I think that a major problem in describing the symptoms arises from the progression of the illness. I know the experts tell us it is not a progressive illness, but they in general make no attempt to follow the long term cases, and have a limited evidence base. There would then arise questions about whether cases progress through different stages at the same rate,and whether intermediate stages might be omitted. If you do not consider aetiology there is no way of knowing whether you are considering the same condition at different stages. Aetiology was one of the first ideas to go under the new approach.

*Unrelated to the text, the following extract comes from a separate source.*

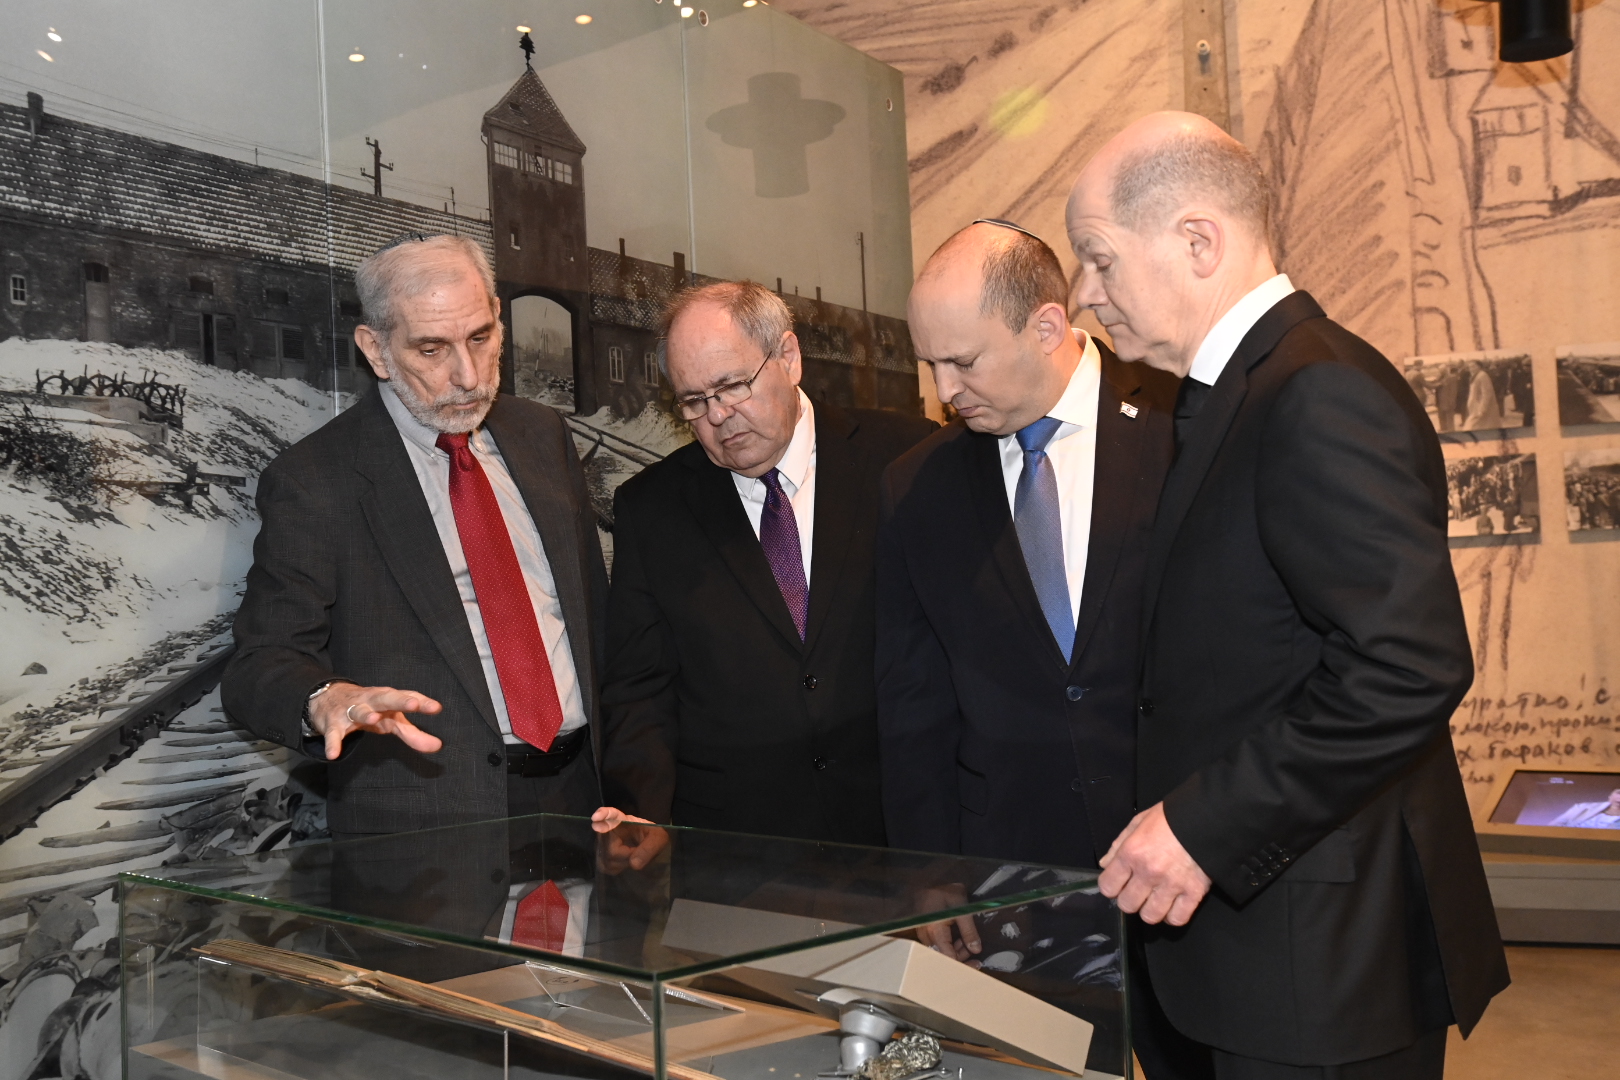 Chancellor Scholz views the Auschwitz Album, which documents the arrival of transports of Hungarian Jews to the infamous death camp in the summer of 1944.

Granted, but we're talking about when you don't know the aetiology yet, and you probably won't know it till you've got more evidence, but you might never find that evidence if you average away all the important variability.
I think you have to start with what you know, look for common factors, and then ser if they are present in other groups. You never discover anything if your first step is to hugely expand the area of search.
Younger thinks there are three main subgroups: metabolic, viral (reactivating, persistent or just post-viral) and autoimmune/inflammatory. I don't know how correct he is, and we can't really debate it until he posts the results, but that seems to correlate to the varied results we've seen so far. Of course, it may be that we're seeing at least some patients misdiagnosed, and there may be a better description or diagnosis available for at least some of them. Even in the early days, doctors were pretty sure there was a spectrum of illness, with epidemic neuromyasthenia at one end (more focused on fatigue) and benign myalgic encephalomyelitis at the other (with more neurological signs). There was a 1977 conference where they debated this ad nauseam and still couldn't agree on one term. Perhaps they were seeing the metabolic group at one end of the spectrum and the viral group on the other? It's not helped, of course, that clinicians aren't always consistent in how they diagnose the illness. CFS clinics here keep talking mostly about 'chronic fatigue' and 'fatigue spectrum illnesses', which means they're only really diagnosing fatigue. I noticed it both on my table at NICE and at the local CFS clinic, where the specialist specifically mentioned the 'fatigue spectrum illnesses' to me. I think that many doctors in the UK are treating CFS as a wastebasket diagnosis rather than as a positive diagnosis. Not always, but enough that it's a problem.